The Wild Rose

                                                                                                                                      Photo: Online

I’ve had a yellow rose bush in a terra cotta pot for maybe twenty-five years. I’ve dragged it from house to house. Two years ago I planted it near my front porch trimming it back severely. Last year its stems barely grew. I wondered whether the paltriness of its leaves could gather light or store sustaining sugars. I thought I killed it. Nonetheless, in the fall I cut it back but less harshly.

This spring it leafed out fully on long thorny stems—though thinner than those of its past. Returning home after work travel, it was awash with small deeply red roses. The bush had always borne yellow roses. The tiny red ones were gorgeous in a natural way—though quite unlike the corollas of its former domesticated self. I looked across the commons area into my neighbor’s yard: It was bursting with a plethora of large beautiful colorful roses—ones most of us have been taught to appreciate.

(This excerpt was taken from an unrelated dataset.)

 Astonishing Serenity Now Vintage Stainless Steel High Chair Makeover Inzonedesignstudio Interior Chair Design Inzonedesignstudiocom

​I had killed my rose alright. Well, rather, I killed its domesticated yellow cultivated parts. Those bits long ago grafted onto a wild and natural red rose rootstock—in whose beauty I now reveled. The next morning my roses were gone. Deer got them, and they’ve dined on buds all summer. It’s late summer as I write this and autumn is in the air. As I look out my window, I see a wholly natural rose bearing long thorny stems and lots of leaves. Next year I’ll keep the deer away: I want this rose’s undomesticated beauty.

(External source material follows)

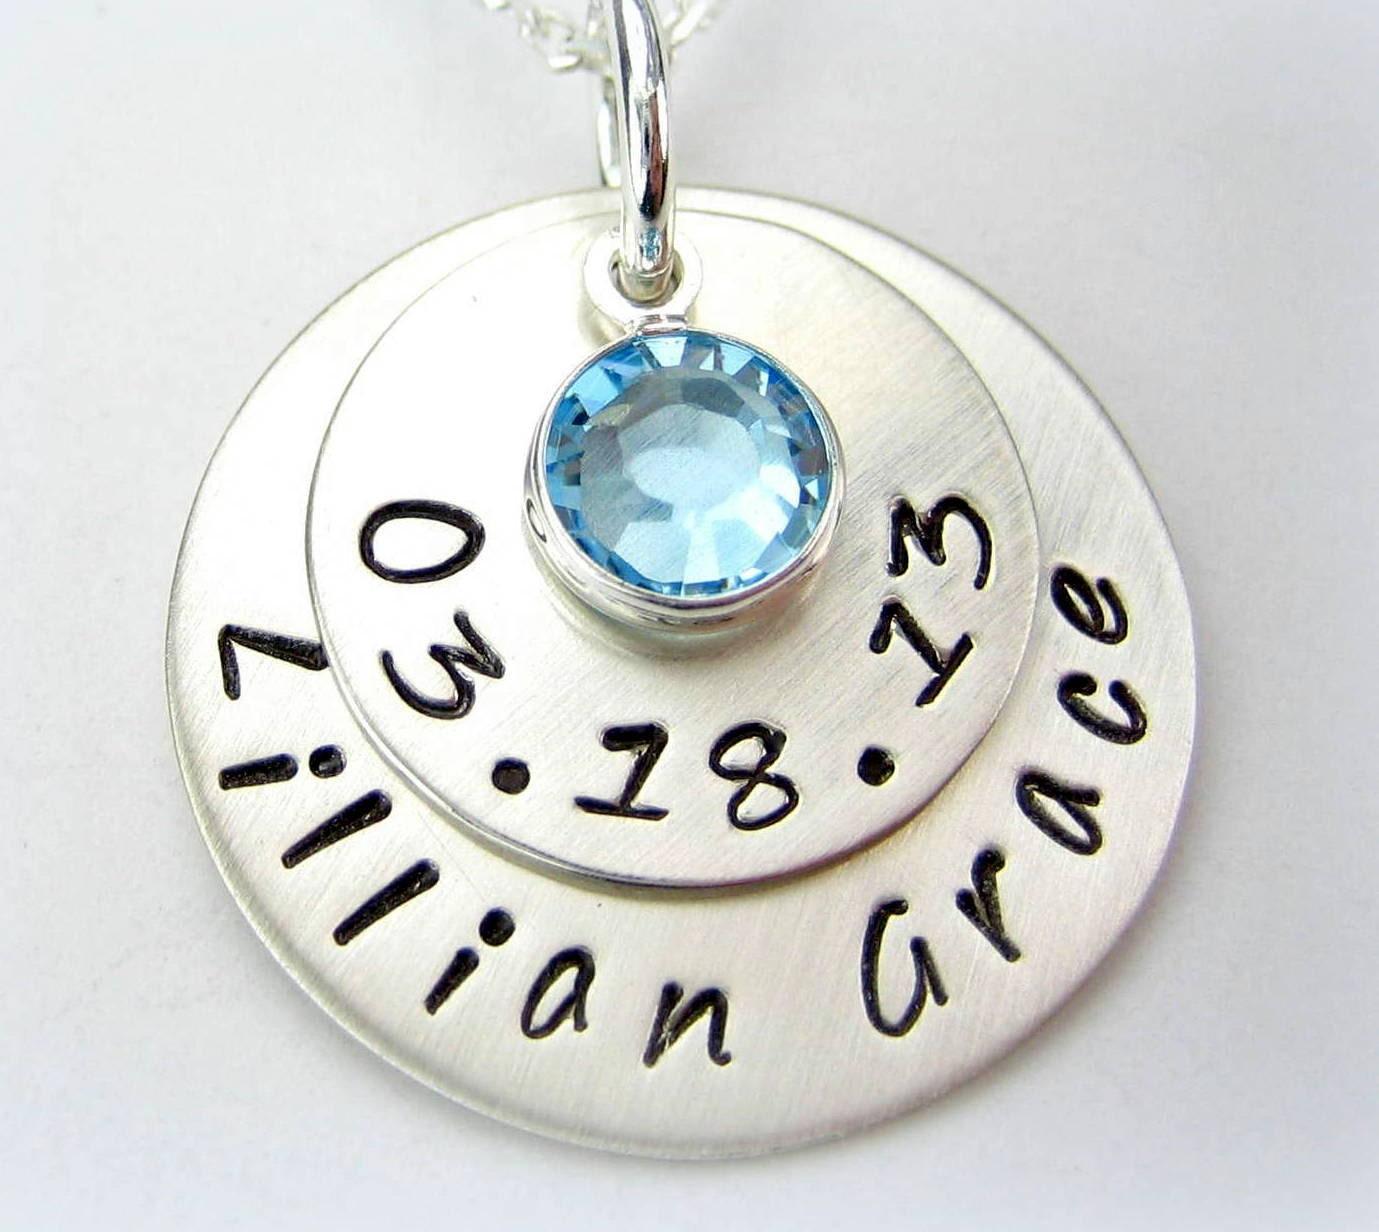 Personalized Mommy Necklace - Sterling Silver Handstamped Baby Newborn Name Necklace Swarovski birthstone

For years I stewarded my life as I had the rose being equally harsh with myself. I didn’t know this though, and am I’m only now getting it. Domestication is so opaque—so hard to see through.

Don’t get me wrong, I’ve longed and worked assiduously to free my incarcerated self from the falsity and folly of domestication—though all the while being my own worst enemy. I’m changed and changing. I’m grateful. Something of wildness is flowering within.

Let’s toast to the growing and developing sufficiently to keep the ego in its proper place—that of serving our Essential rootstock.